Demystifying the ways of large-city schools

As a Pulitzer Prize-winning journalist, Clara Hemphill thought she knew pretty much everything about ferreting out information under difficult circumstances. Then her children entered the New York City public school system.

"As a reporter, I covered the Vatican, and I was in Lebanon in 1982, and it was easier to get information there," she says.

Ms. Hemphill quickly became convinced that she was not alone. "If I was having trouble getting information about schools, then other parents must be, too," she reasoned.

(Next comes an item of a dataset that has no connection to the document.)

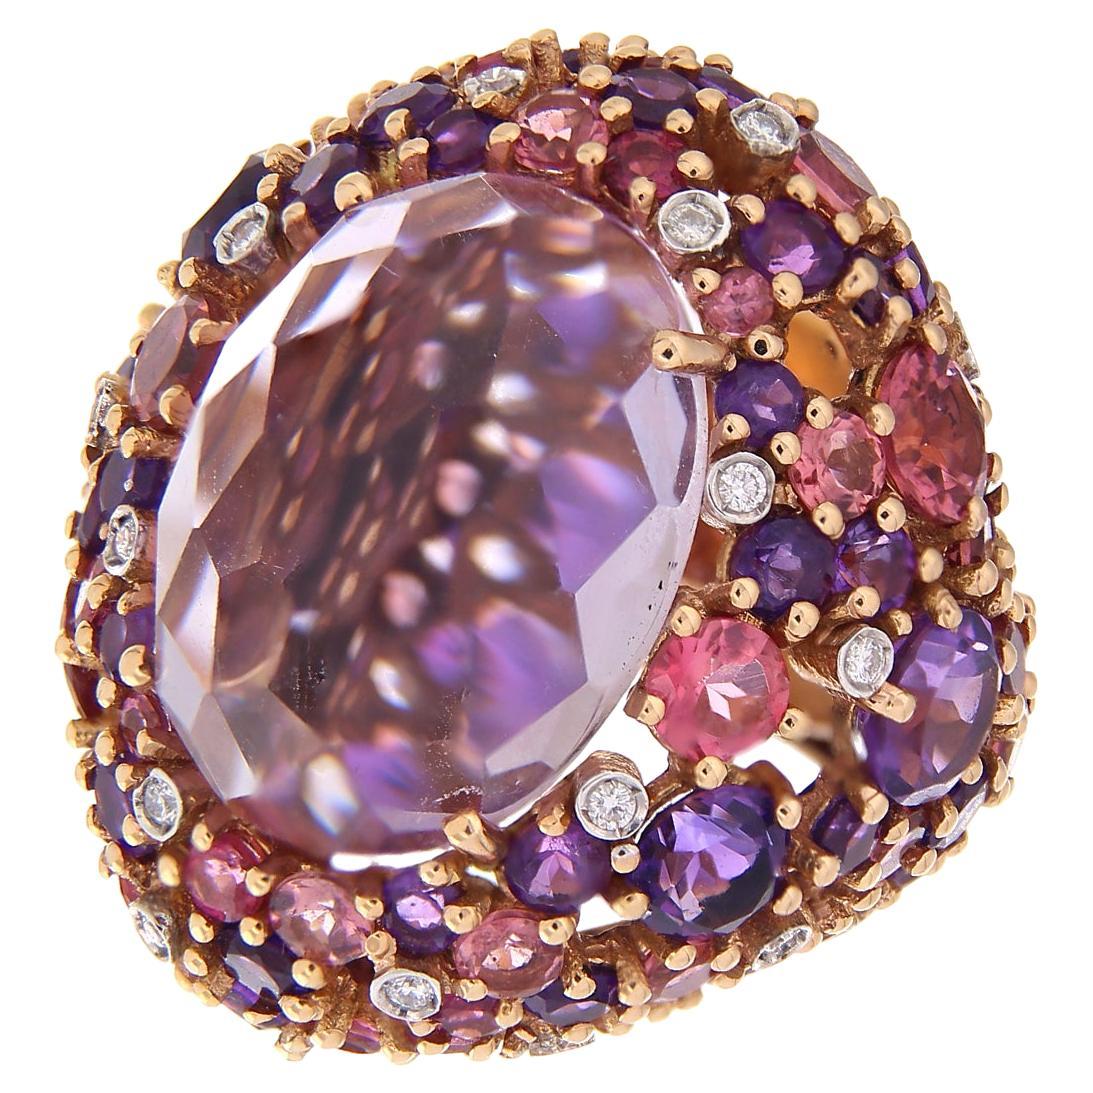 18 Karat Rose Gold Ring Oval Cut Amethyst, Sapphires & White Diamonds

Thus began her drive to put specific, qualitative knowledge about individual New York City schools into the hands of parents. It became an imperative that spoke to the needs of parents across the United States. When so much of current debate about education centers on school choice, Hemphill came to believe, disseminating information about individual schools was crucial.

Hemphill has now authored three different guides to New York City's public schools - including the newly released "New York City's Best Public High Schools" - all containing anecdotal profiles of successful city schools and basic advice for parents on navigating the city school system.

Although her books do contain basic numeric information about the different schools - figures on average class size, enrollment numbers, SAT scores, and the like - her focus is more on descriptive profiles. "Each school has its own personality and values, and that's the heart and soul of the school that I'm interested in," she says.

She is also involved in setting up an interactive Internet site (www.publicschoolsreport.org) that will feature profiles of as many New York City schools as possible, and serve as a forum for teachers, parents, students, and administrators to share information.

The current site focuses just on New York City, but it's a model Hemphill would eventually like to see replicated nationally.

Shared experience, Hemphill insists, can serve as a powerful vehicle for school improvement. An open forum for complaints about particular schools may help to keep up pressure for improvement. At the same time, it's equally important to share success stories.

"There are schools that found ways to chase the drug dealers off their sidewalks," she says. "There were some parents out in Rego Park [Queens] who did an end run around the bureaucracy and got an annex built in record time," she says. "There need to be ways of sharing these stories so schools can learn from one another."

In the course of her research, Hemphill visited dozens of New York City schools and gained an on-the-ground perspective of the 1.1 million-student, 1,200-school system that few parents - or even city policymakers - would be able to match.

One of the things that awed her about the New York system was the almost exhaustive variety of its school choices.

"There's an agricultural school in Queens where you can learn to milk a cow," she says. "There's a technical high school in Brooklyn with its own subway car where you can learn to do repairs. There are bilingual programs where you can study Hebrew and Japanese and Korean, and you can take advanced calculus in Korean."

But sadly, the range in terms of quality is almost as broad.

"There are also a lot of schools that are as grim and lifeless as prisons," she says, and particularly when it comes to high school, "the gap between the best-performing students and the worst gets really huge."

What she has seen in her survey of New York City schools has not convinced her that free-market competition - allowing parents to choose the schools their children will attend - will be enough to strengthen the public school system.

"Choice works well in an open-air fruit market, but not necessarily for a school system," she says. New York has long been known for its choice system, Hemphill points out, but the basic problem is that there are still not enough seats in good schools.

There's no avoiding the funding issue, she insists. "Of course, leadership and the quality of teaching count more than the budget, but the budget is still important," she says. "No matter how you slice it, we only spend $8,000 per student here, and they spend $14,000 per student in Scarsdale."

Still, what impressed her most in her travels throughout New York's public schools was the strength of what she calls "ordinary neighborhood schools."

She was awed by the teaching talent she glimpsed in some of these institutions. When the city considers where to invest its dollars, she says, "that's where you have to rebuild."